In Framing the Sixties, Bernard von Bothmer examines this battle over the collective memory of the decade primarily through the lens of presidential politics. He shows how four presidents -- Ronald Reagan, George H. W. Bush, Bill Clinton, and George W. Bush -- each sought to advance his political agenda by consciously shaping public understanding of the meaning of the Sixties. He compares not only the way that each depicted the decade as a whole, but also their commentary on a set of specific topics: the presidency of John F. Kennedy, Lyndon Johnson's Great Society initiatives, the civil rights movement, and the Vietnam War.

In addition to analyzing the pronouncements of the presidents themselves, von Bothmer draws on interviews he conducted with more than one hundred and twenty cabinet members, speechwriters, advisers, strategists, historians, journalists, and activists from across the political spectrum -- from Julian Bond, Daniel Ellsberg, Tom Hayden and Michael Dukakis to James Baker, Robert Bork, Phyllis Schlafly and Richard Viguerie.

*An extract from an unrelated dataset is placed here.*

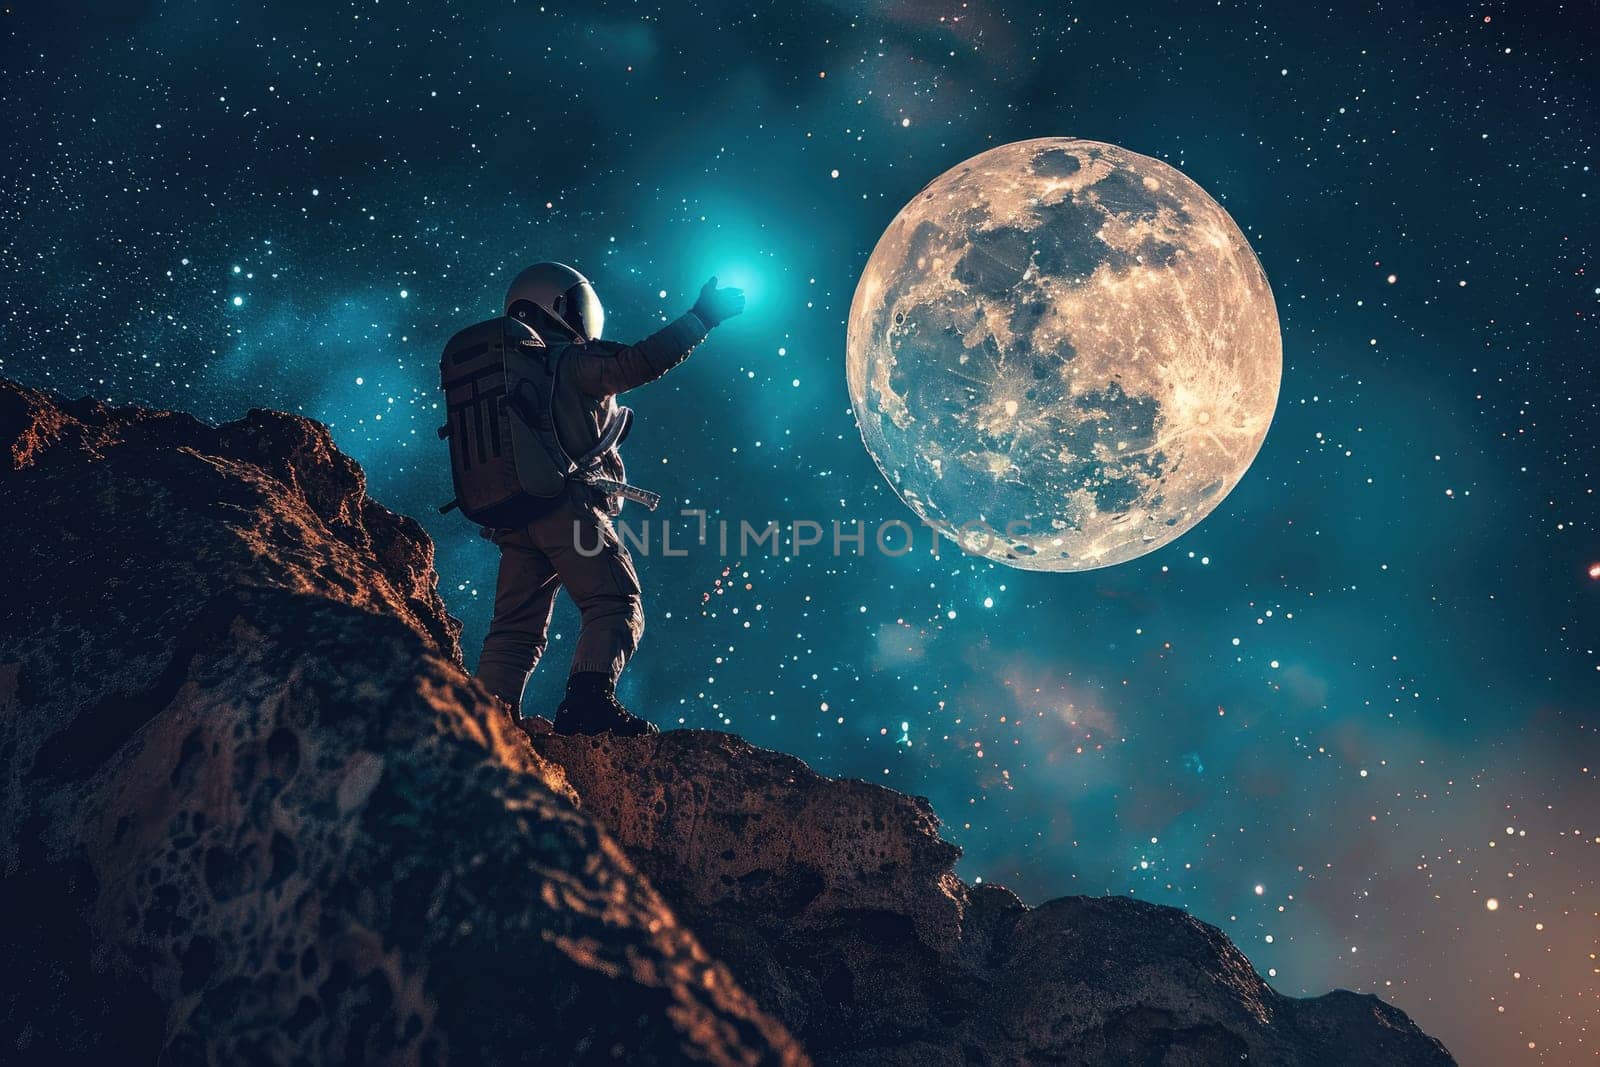 Space suit, standing on top of a mountain, reaching out to touch the full moon.
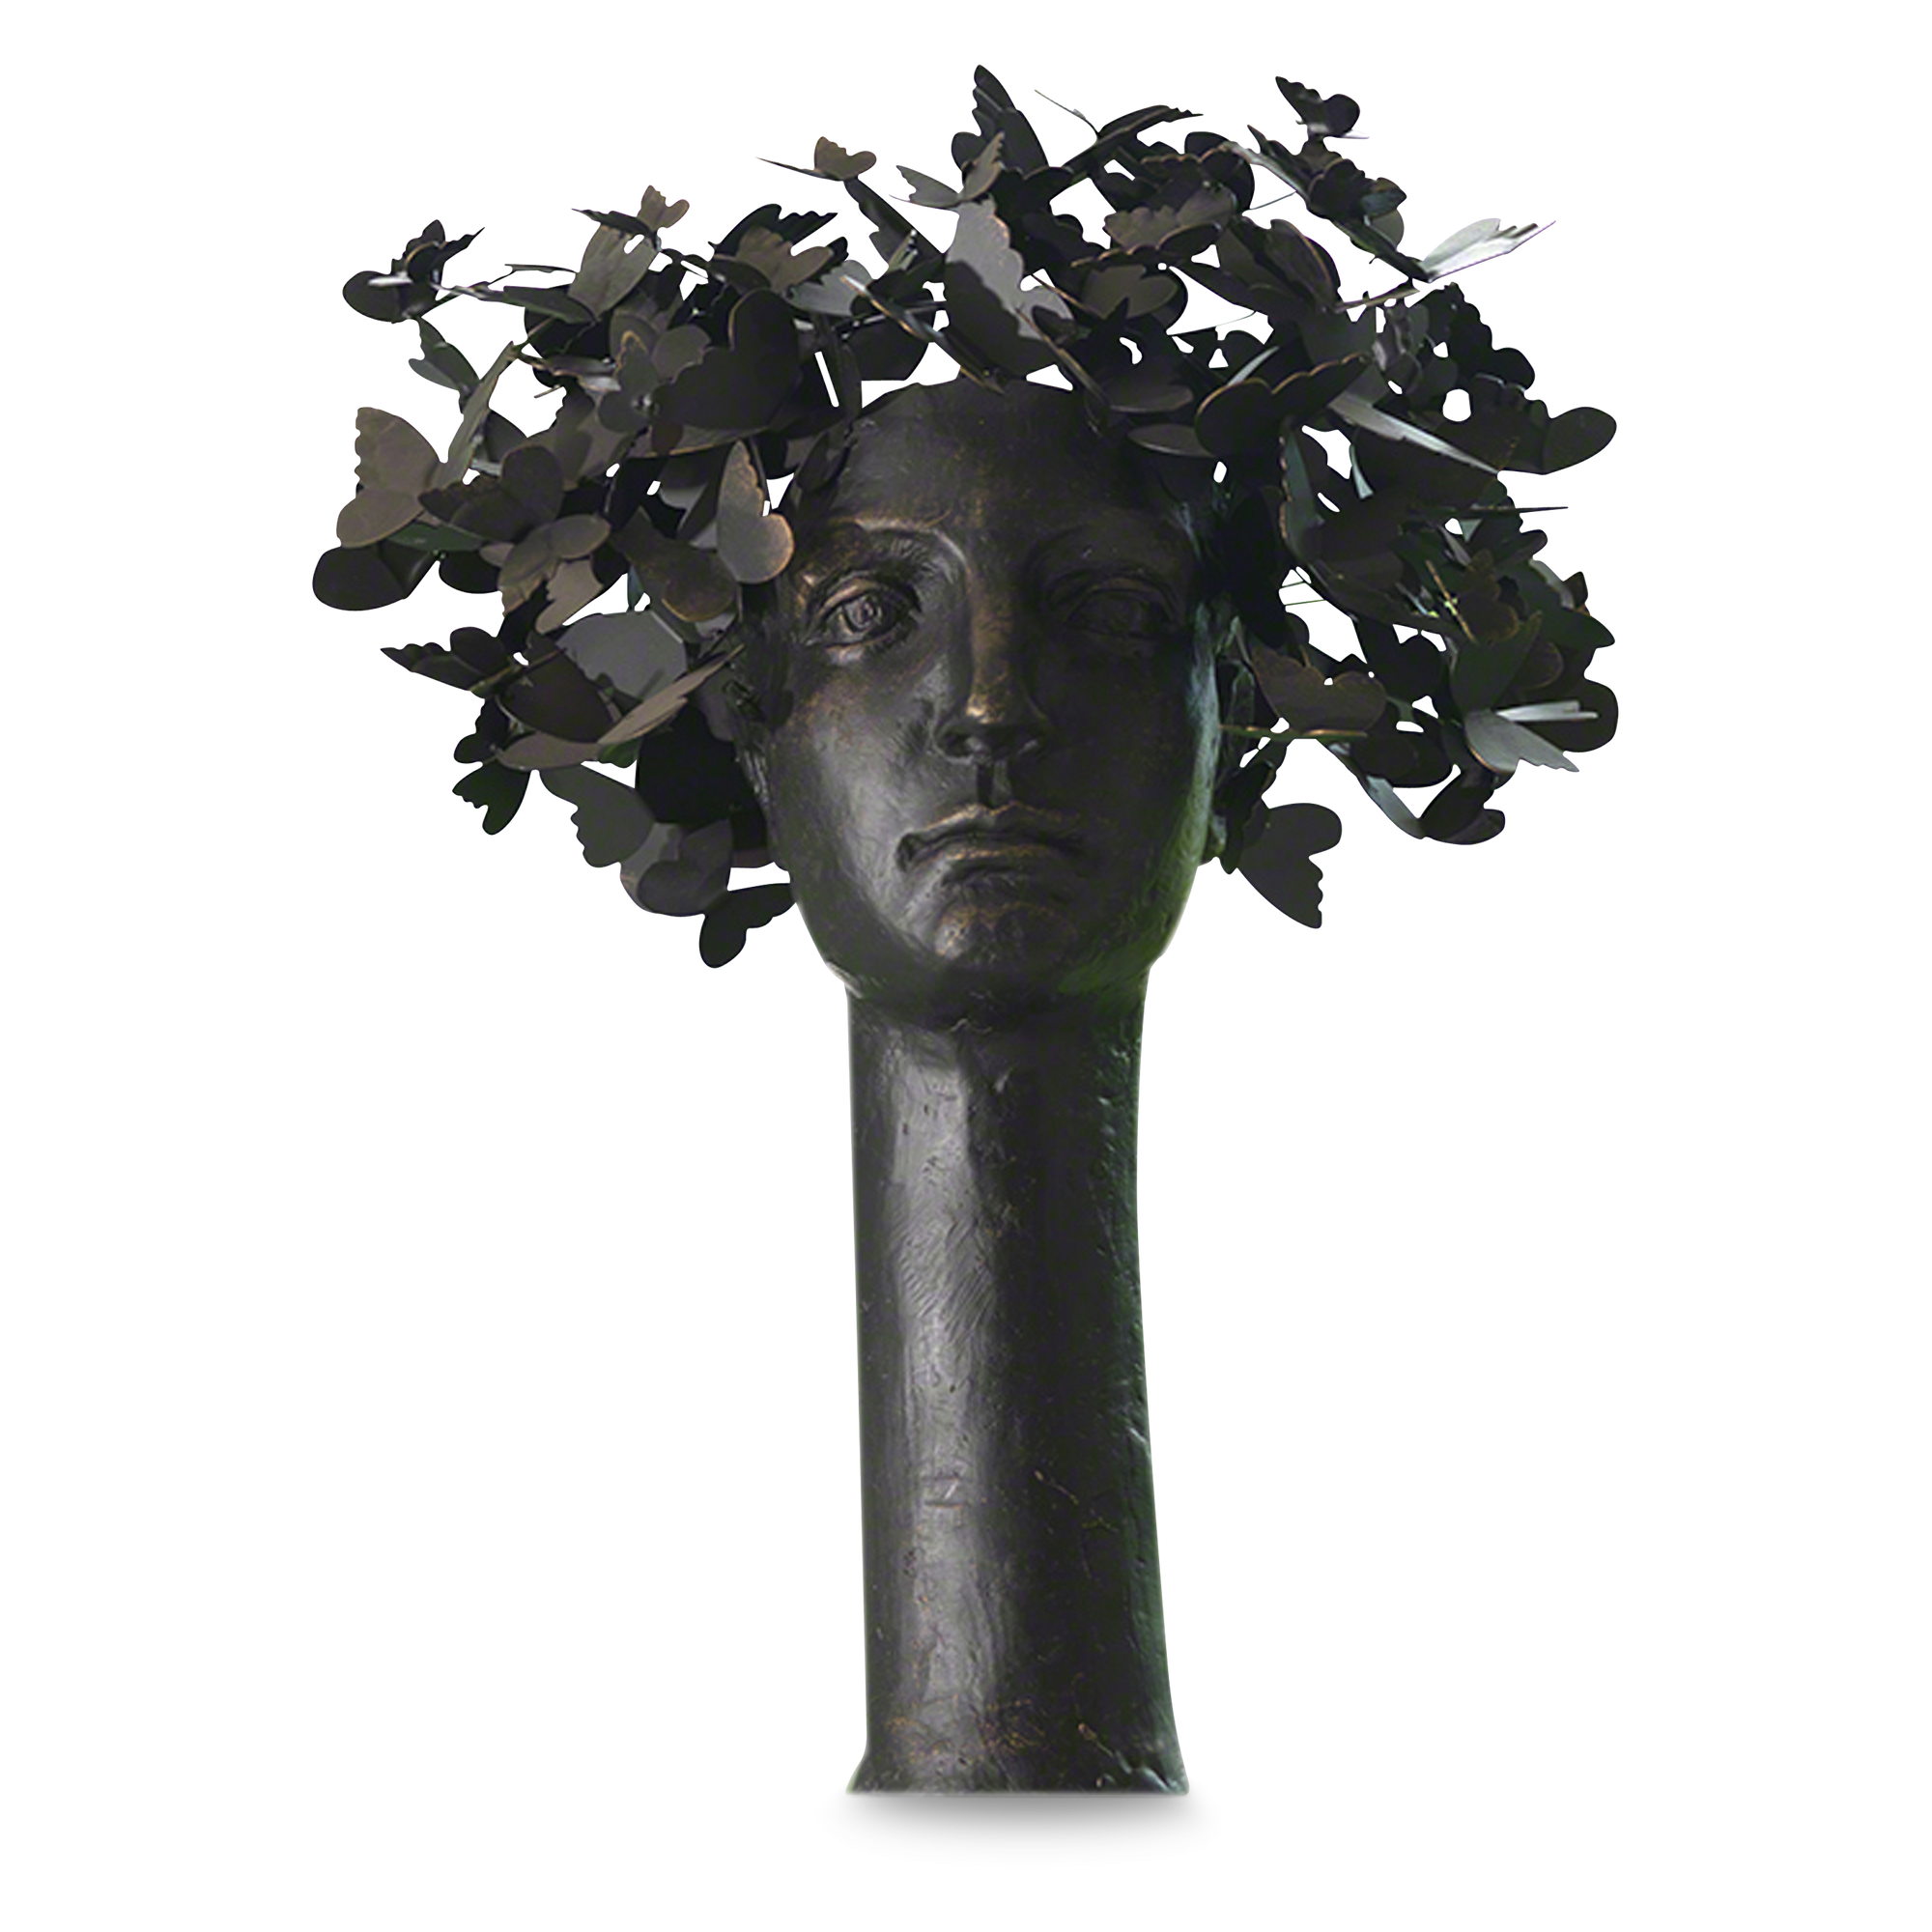 With a iconic and unique design, this scupture features hundreds of hand applied iron butterflies on a femine scupture portrait that sits atop an iron bust.

It is no secret that the upheavals of the 1960s opened fissures within American society that have continued to affect the nation's politics and to intensify its so-called culture wars. What this book documents is the extent to which political leaders, left and right, consciously exploited those divisions by framing the memory of that turbulent decade to serve their own partisan interests.

To learn more about the book, go to www.framingthesixties.com.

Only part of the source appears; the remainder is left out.